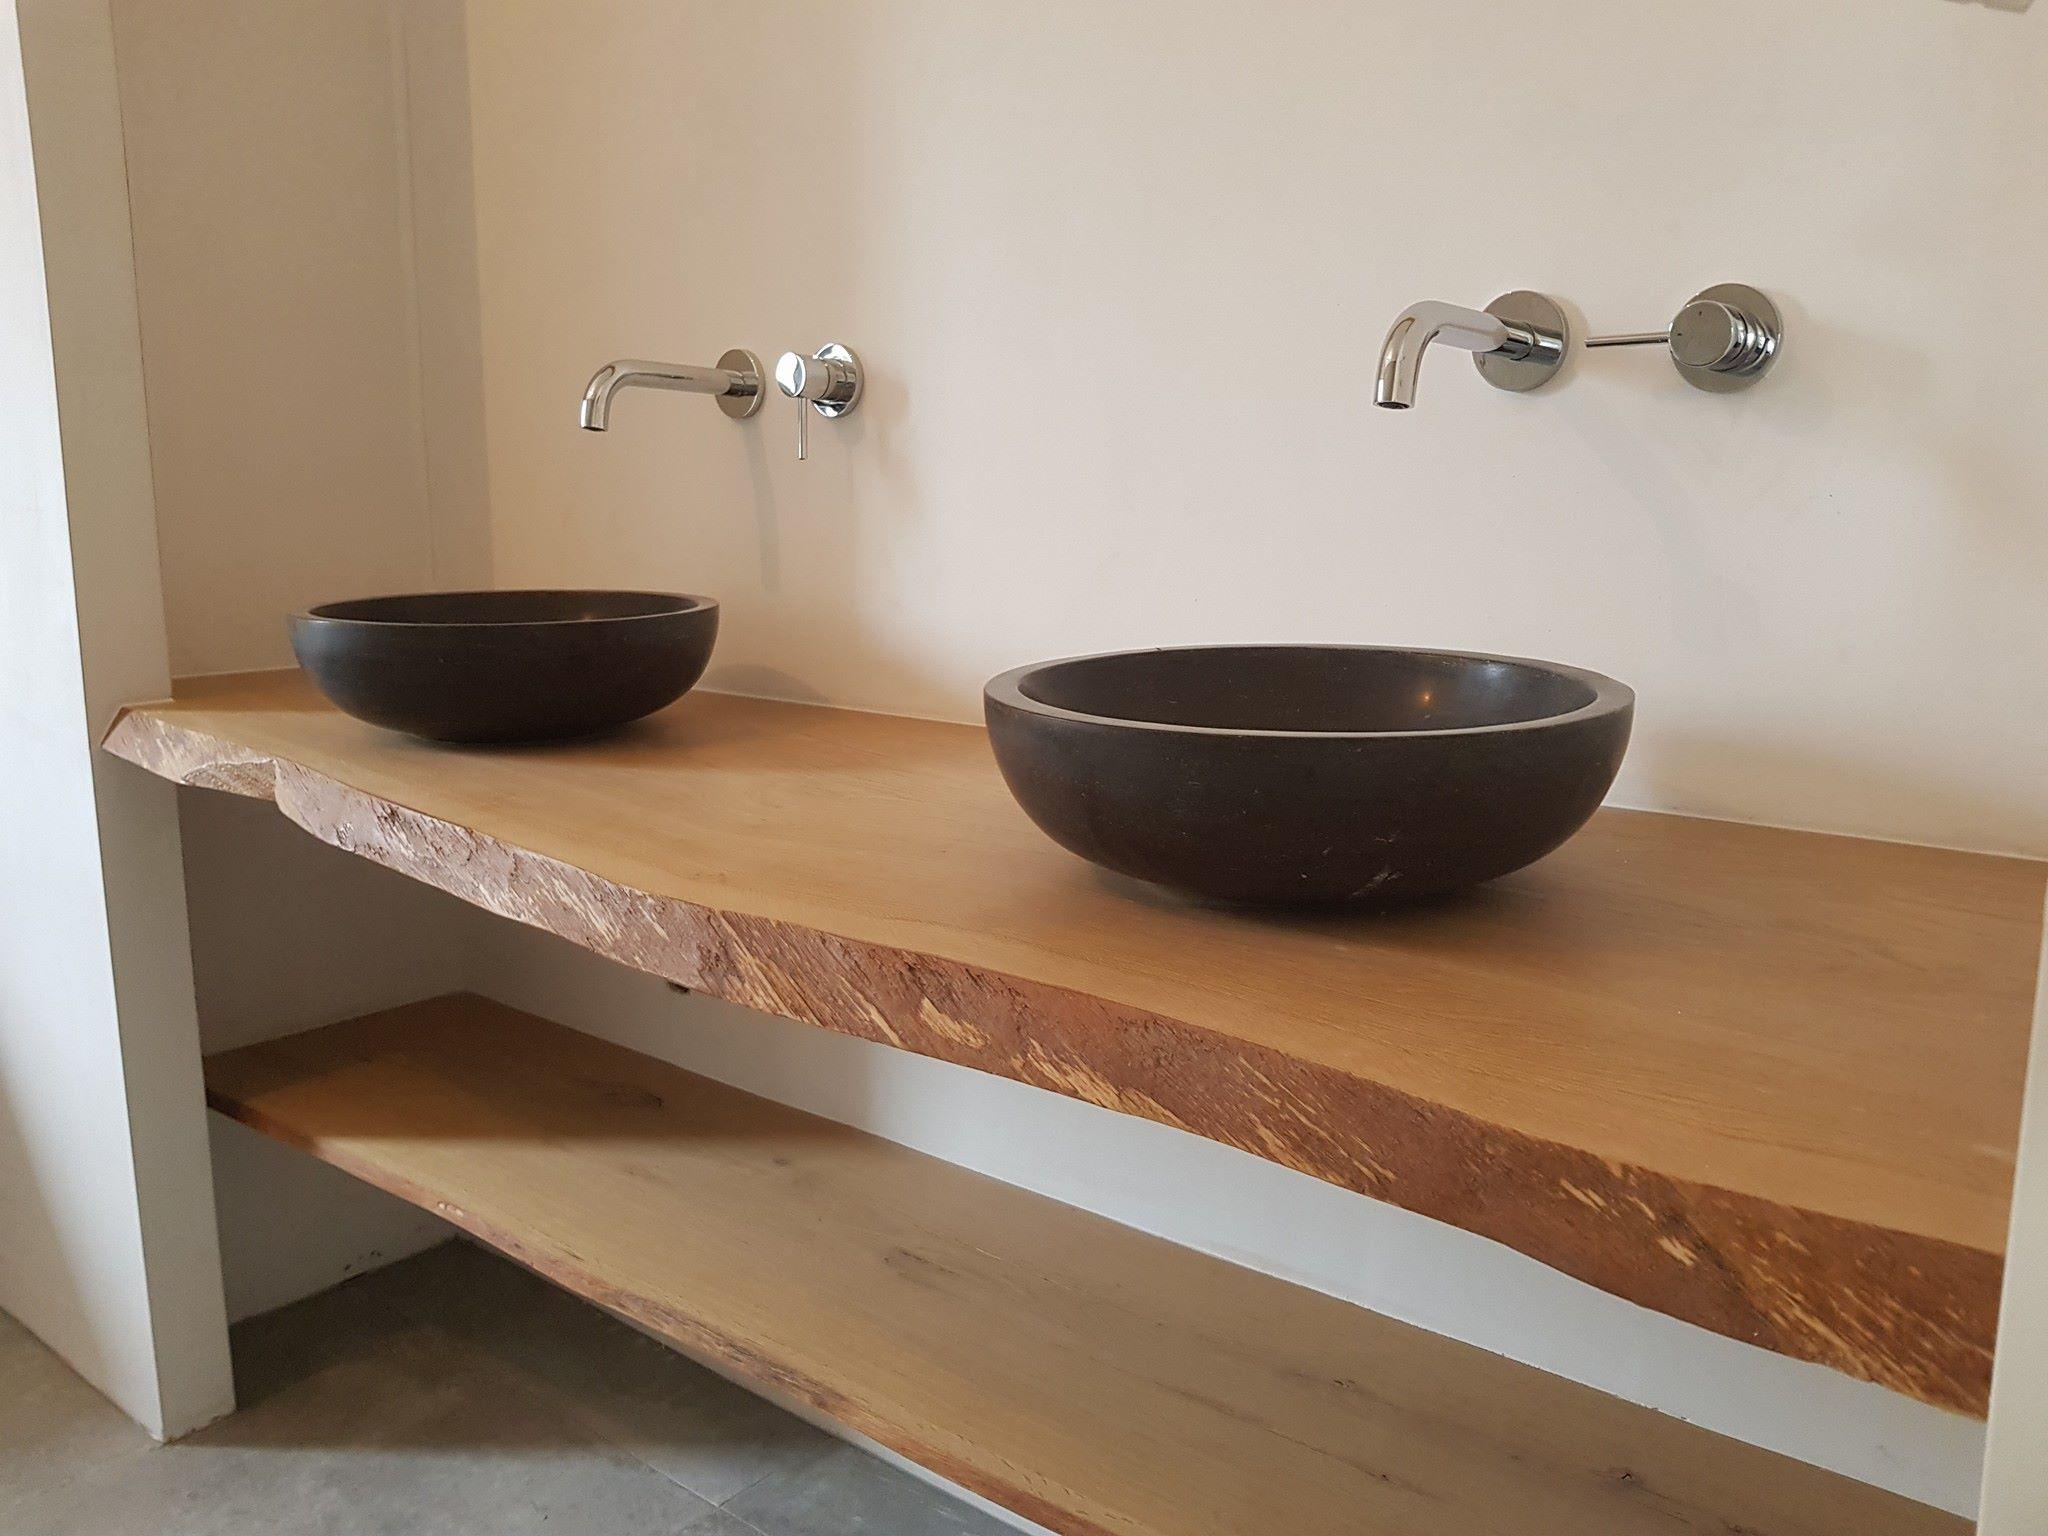 Spiksplinternieuw Wastafelkommen op houten plank - Van Gils Installatietechniek BD-27
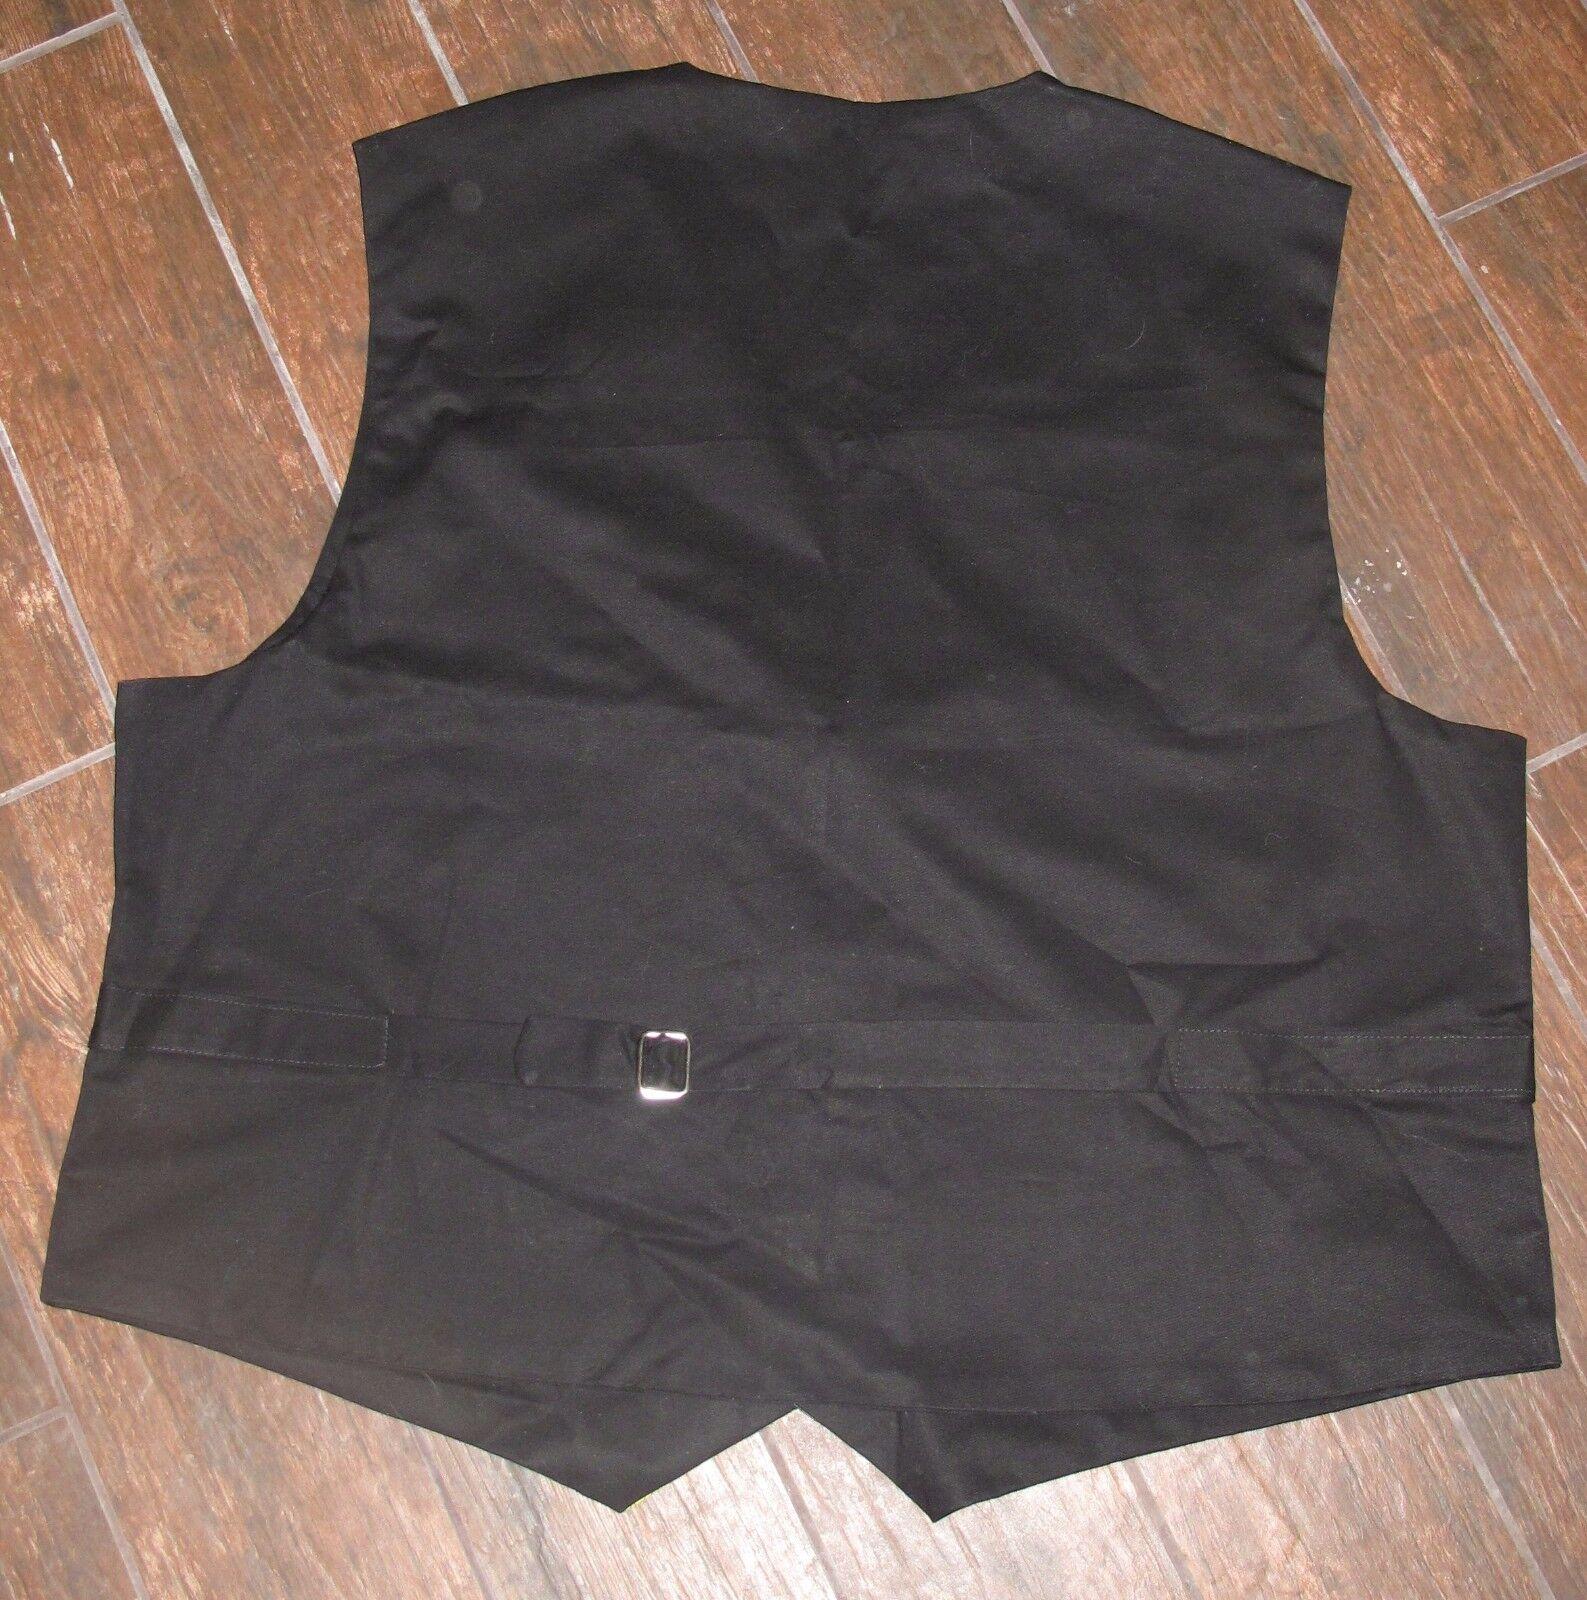 Star Wars blu prints Uomo sporty vest in 10 10 in sizes 41412f
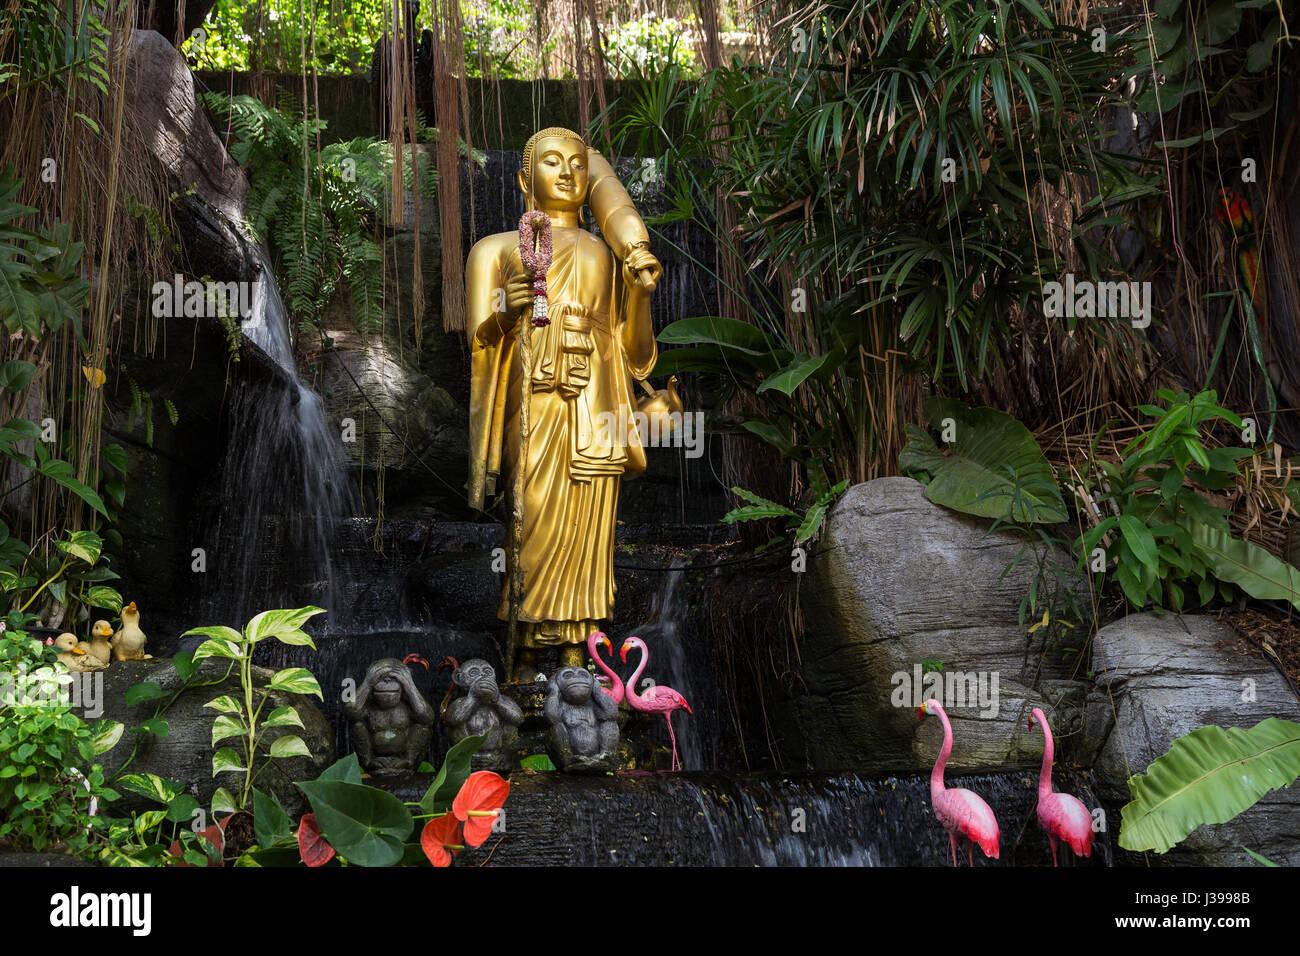 Goldene Buddha-Statue und kleinen künstlichen Wasserfall am goldenen Bergs im Wat Saket in Bangkok, Thailand. Stockbild
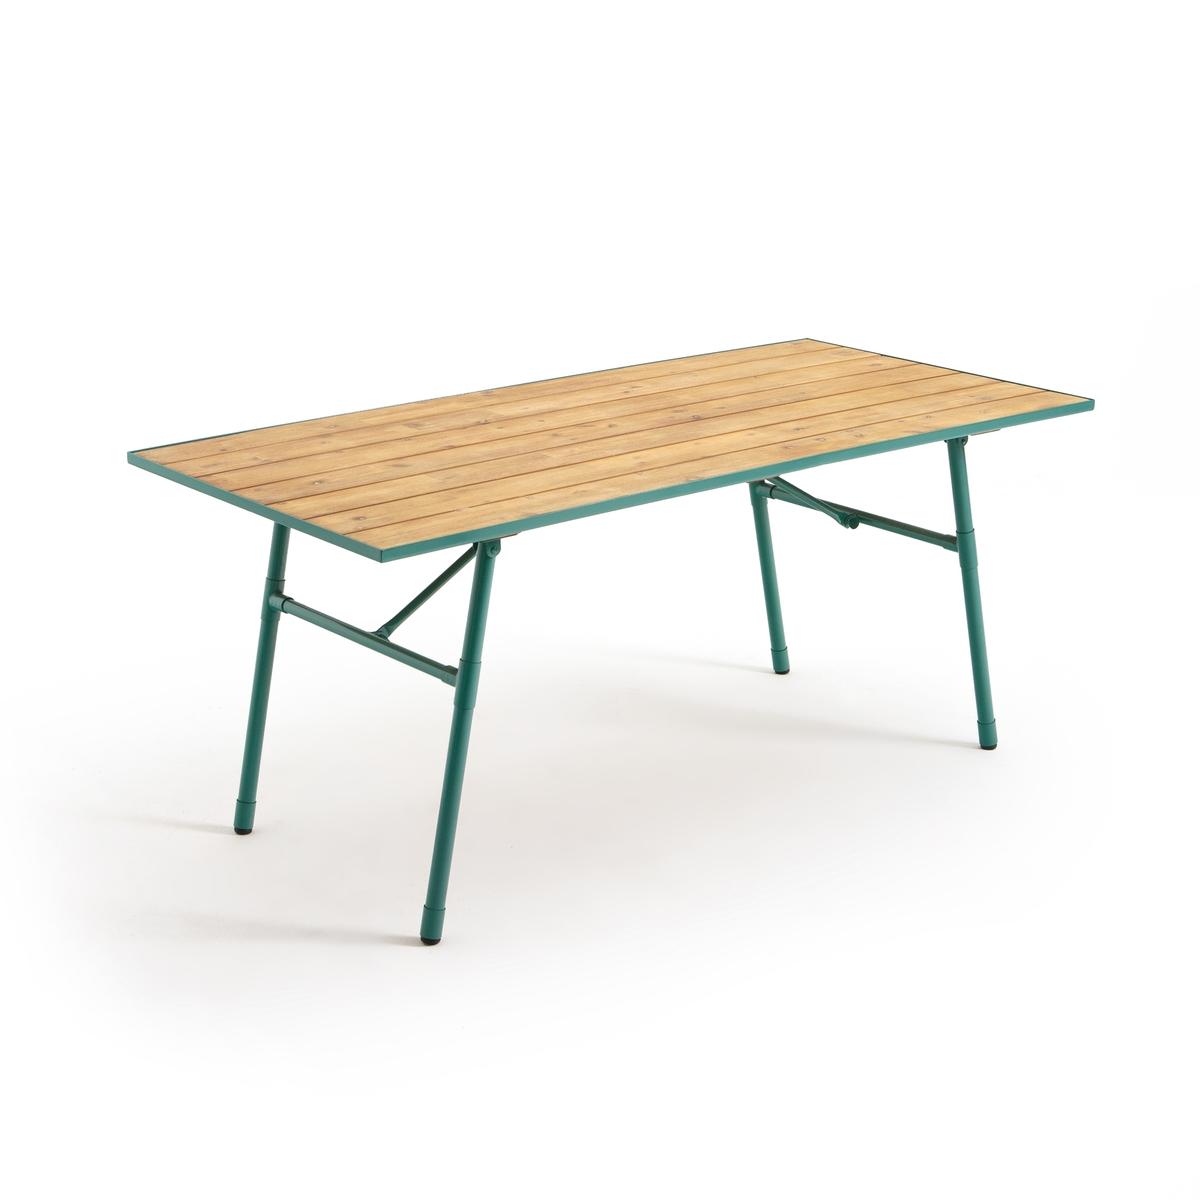 Стол La Redoute Складной для сада Sohan единый размер зеленый

WHAT YOU NEED TO DO - Skip every picture and transcribe the data above exactly.

RESULT OF THE TASK -
 Spiksplinternieuw Wastafelkommen op houten plank - Van Gils Installatietechniek BD-27
 Star Wars blu prints Uomo sporty vest in 10 10 in sizes 41412f
 Goldene Buddha-Statue und kleinen künstlichen Wasserfall am goldenen Bergs im Wat Saket in Bangkok, Thailand. Stockbild
 Стол La Redoute Складной для сада Sohan единый размер зеленый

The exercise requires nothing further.